What the task requires:
Copy whichever lines of the data hold the word "RECORDS".

==== Exercise data ====

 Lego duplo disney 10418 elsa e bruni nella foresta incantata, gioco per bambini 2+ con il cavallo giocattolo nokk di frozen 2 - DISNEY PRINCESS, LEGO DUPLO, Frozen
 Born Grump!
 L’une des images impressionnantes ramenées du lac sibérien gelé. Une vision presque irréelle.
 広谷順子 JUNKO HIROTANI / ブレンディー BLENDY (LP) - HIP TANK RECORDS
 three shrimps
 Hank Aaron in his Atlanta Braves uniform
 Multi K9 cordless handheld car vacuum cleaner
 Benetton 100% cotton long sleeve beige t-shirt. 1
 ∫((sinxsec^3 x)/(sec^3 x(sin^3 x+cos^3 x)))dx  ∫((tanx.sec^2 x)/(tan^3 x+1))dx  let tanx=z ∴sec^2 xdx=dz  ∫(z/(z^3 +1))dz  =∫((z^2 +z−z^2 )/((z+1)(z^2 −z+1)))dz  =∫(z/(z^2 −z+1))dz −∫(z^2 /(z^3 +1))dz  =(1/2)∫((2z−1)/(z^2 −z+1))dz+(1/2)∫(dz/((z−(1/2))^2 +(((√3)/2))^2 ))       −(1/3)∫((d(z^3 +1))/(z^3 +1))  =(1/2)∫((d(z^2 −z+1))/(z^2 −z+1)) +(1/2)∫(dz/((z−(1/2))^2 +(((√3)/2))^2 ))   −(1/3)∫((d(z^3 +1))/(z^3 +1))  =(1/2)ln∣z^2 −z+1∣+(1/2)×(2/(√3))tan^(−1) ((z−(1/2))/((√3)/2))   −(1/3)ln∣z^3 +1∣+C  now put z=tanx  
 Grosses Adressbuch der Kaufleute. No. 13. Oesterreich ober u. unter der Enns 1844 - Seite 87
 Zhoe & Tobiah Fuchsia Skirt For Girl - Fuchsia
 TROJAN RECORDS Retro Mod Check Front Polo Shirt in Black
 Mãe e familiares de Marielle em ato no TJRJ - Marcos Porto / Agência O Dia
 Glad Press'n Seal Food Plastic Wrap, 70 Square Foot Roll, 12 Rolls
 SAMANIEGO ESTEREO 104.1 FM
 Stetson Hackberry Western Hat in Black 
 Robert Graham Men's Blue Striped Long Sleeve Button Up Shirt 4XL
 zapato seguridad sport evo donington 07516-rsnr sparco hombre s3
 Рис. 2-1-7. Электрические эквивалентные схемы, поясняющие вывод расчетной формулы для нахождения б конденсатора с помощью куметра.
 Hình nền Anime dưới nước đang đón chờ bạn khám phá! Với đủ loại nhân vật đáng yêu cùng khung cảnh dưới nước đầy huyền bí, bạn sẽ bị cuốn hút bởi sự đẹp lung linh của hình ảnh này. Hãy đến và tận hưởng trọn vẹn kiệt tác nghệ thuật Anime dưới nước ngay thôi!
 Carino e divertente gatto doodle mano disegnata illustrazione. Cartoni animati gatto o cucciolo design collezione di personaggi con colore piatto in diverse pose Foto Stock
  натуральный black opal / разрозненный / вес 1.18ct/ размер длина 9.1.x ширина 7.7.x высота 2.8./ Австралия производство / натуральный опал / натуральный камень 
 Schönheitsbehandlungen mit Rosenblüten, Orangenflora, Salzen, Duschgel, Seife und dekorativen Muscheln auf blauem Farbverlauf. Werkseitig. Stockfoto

====

Response area:
 広谷順子 JUNKO HIROTANI / ブレンディー BLENDY (LP) - HIP TANK RECORDS
 TROJAN RECORDS Retro Mod Check Front Polo Shirt in Black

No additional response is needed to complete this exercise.